◆ WHAT IS BEING ASKED: Output the listing word for word, minus pictures.

◆ AVAILABLE DATA:
┌──

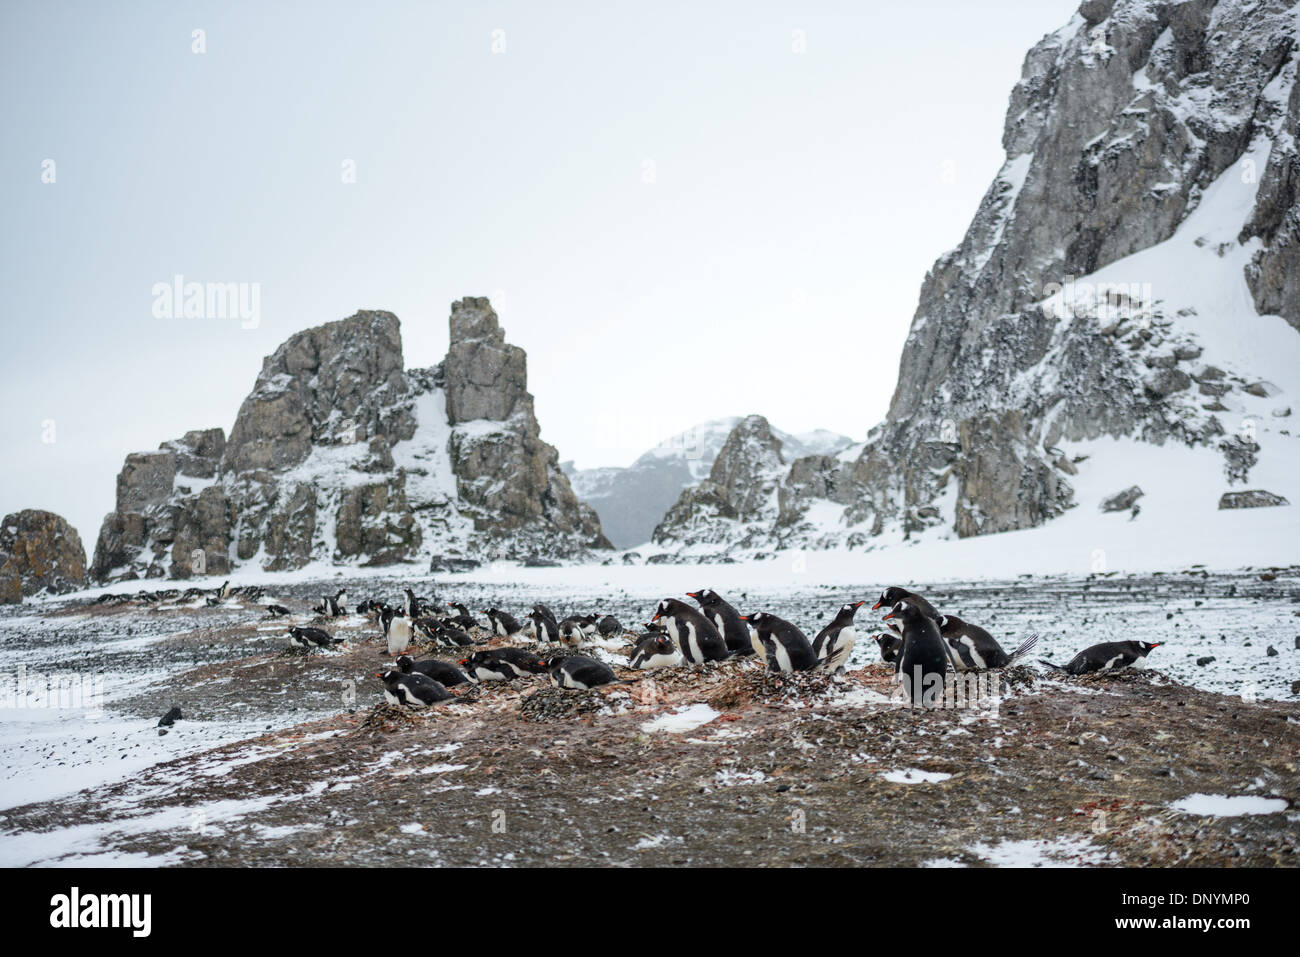 - L'ANTARCTIQUE manchots nicheurs sur une section de plage sur l'île Livingston dans les îles Shetland du Sud, l'Antarctique. Banque D'Images
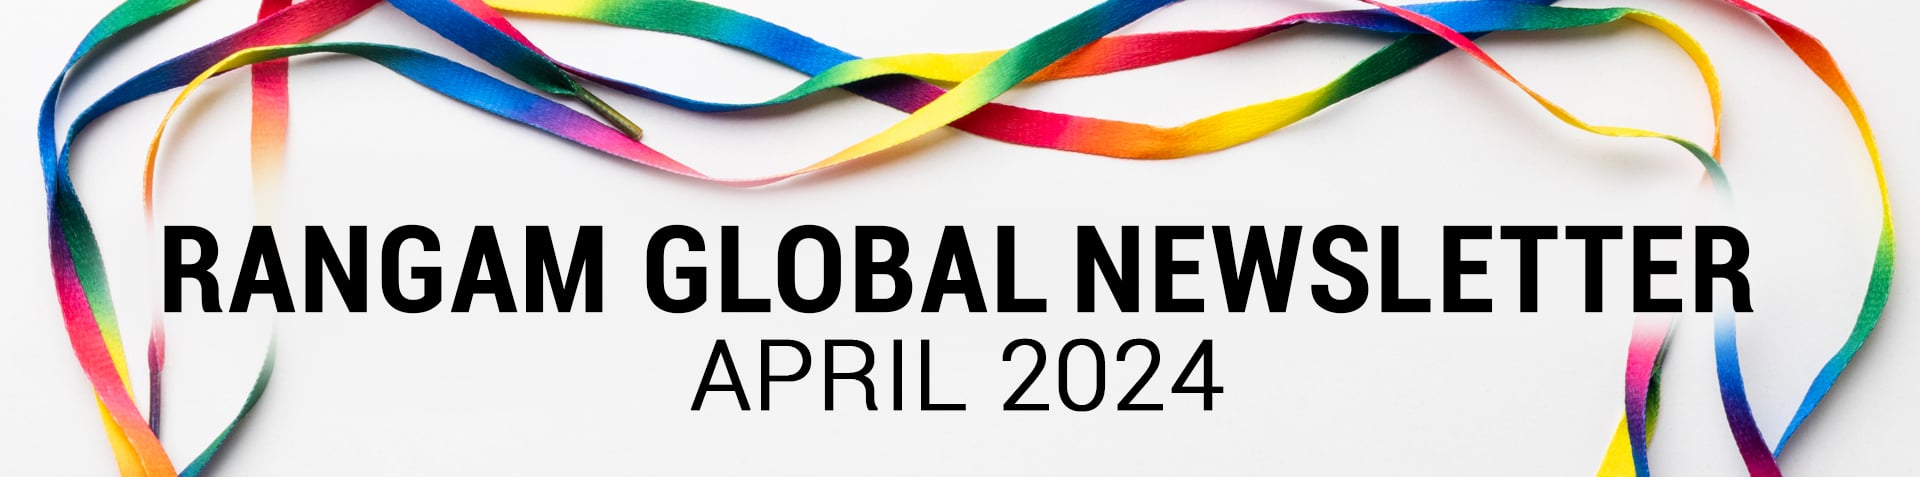 Rangam Global Newsletter April 2024
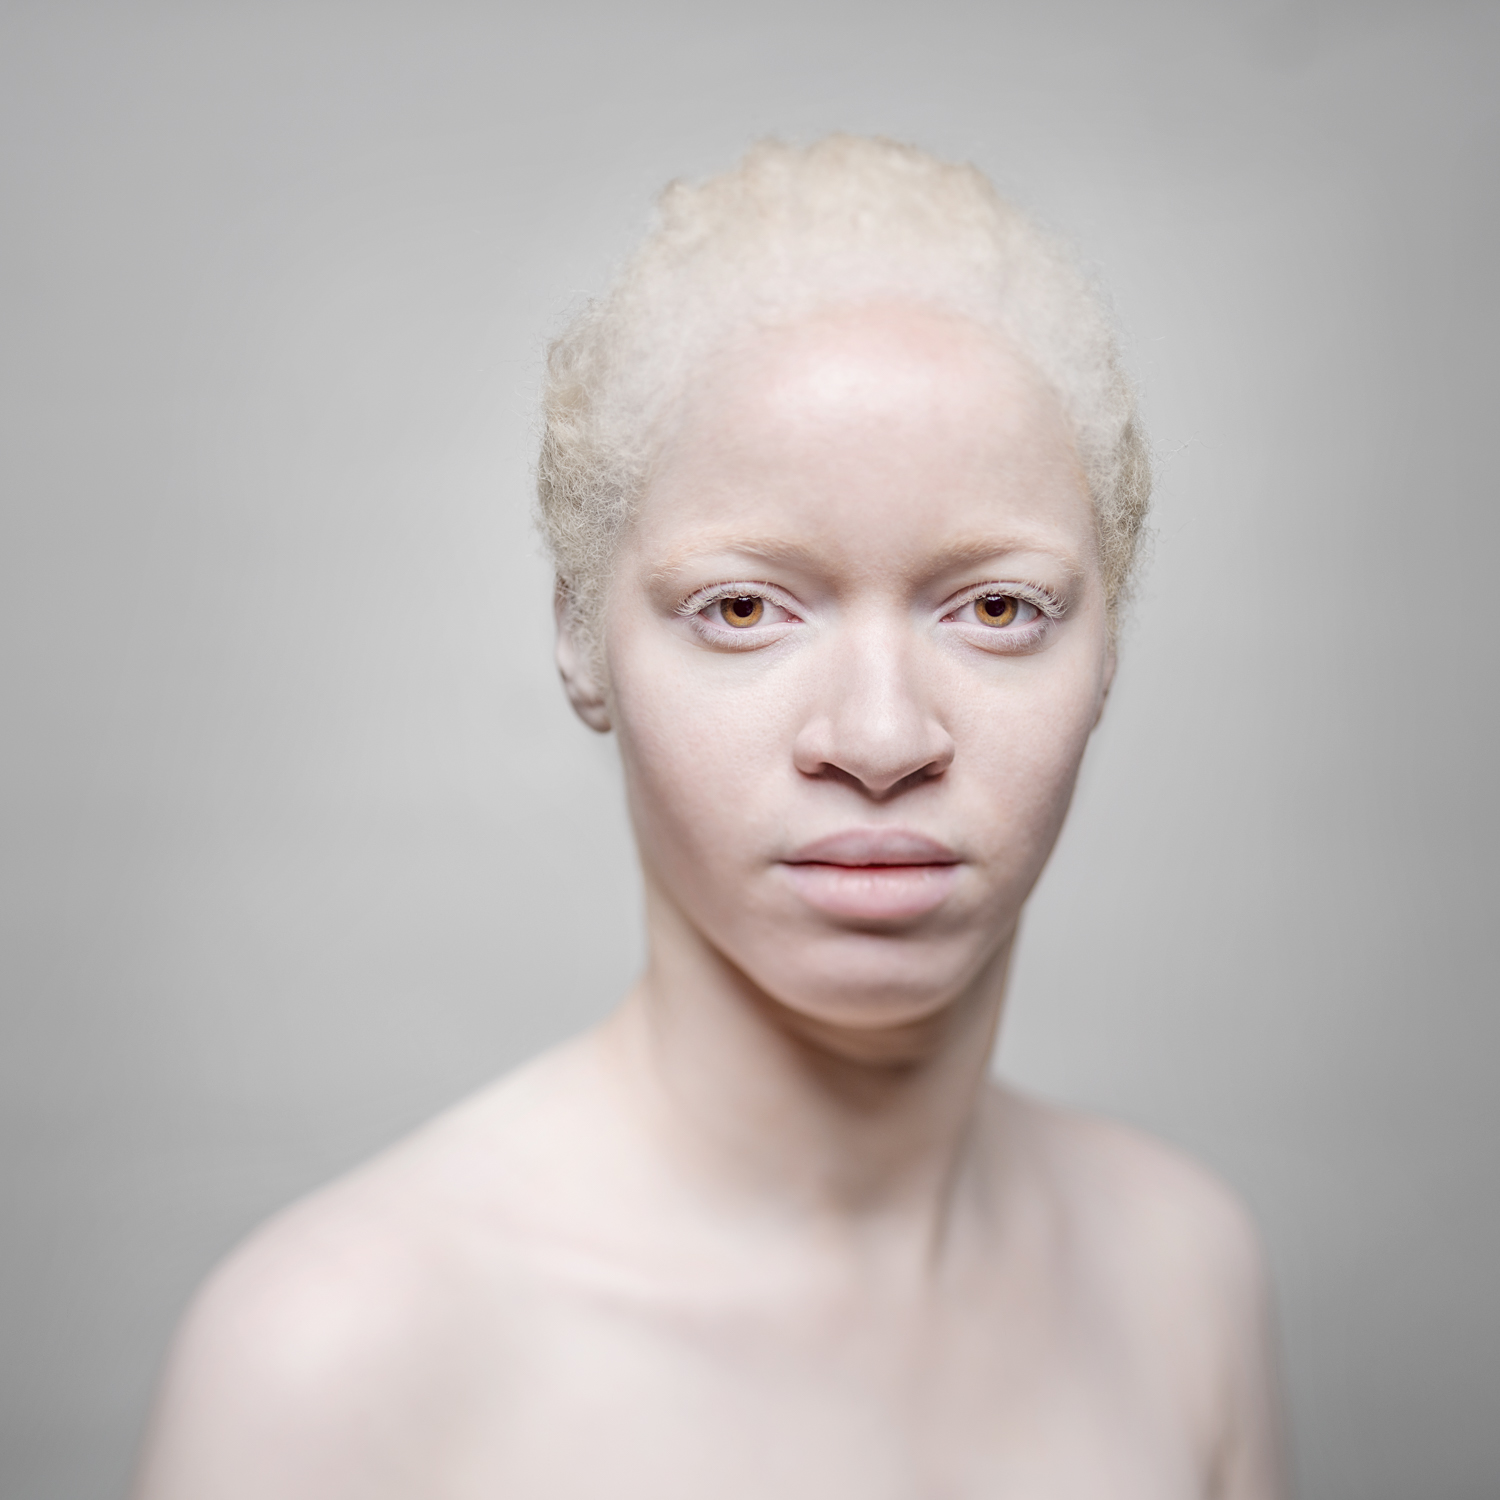 Как сделать волосы альбиноса

└──

◆ FINISHED EXERCISE:
 - L'ANTARCTIQUE manchots nicheurs sur une section de plage sur l'île Livingston dans les îles Shetland du Sud, l'Antarctique. Banque D'Images
 Rangam Global Newsletter April 2024
 Как сделать волосы альбиноса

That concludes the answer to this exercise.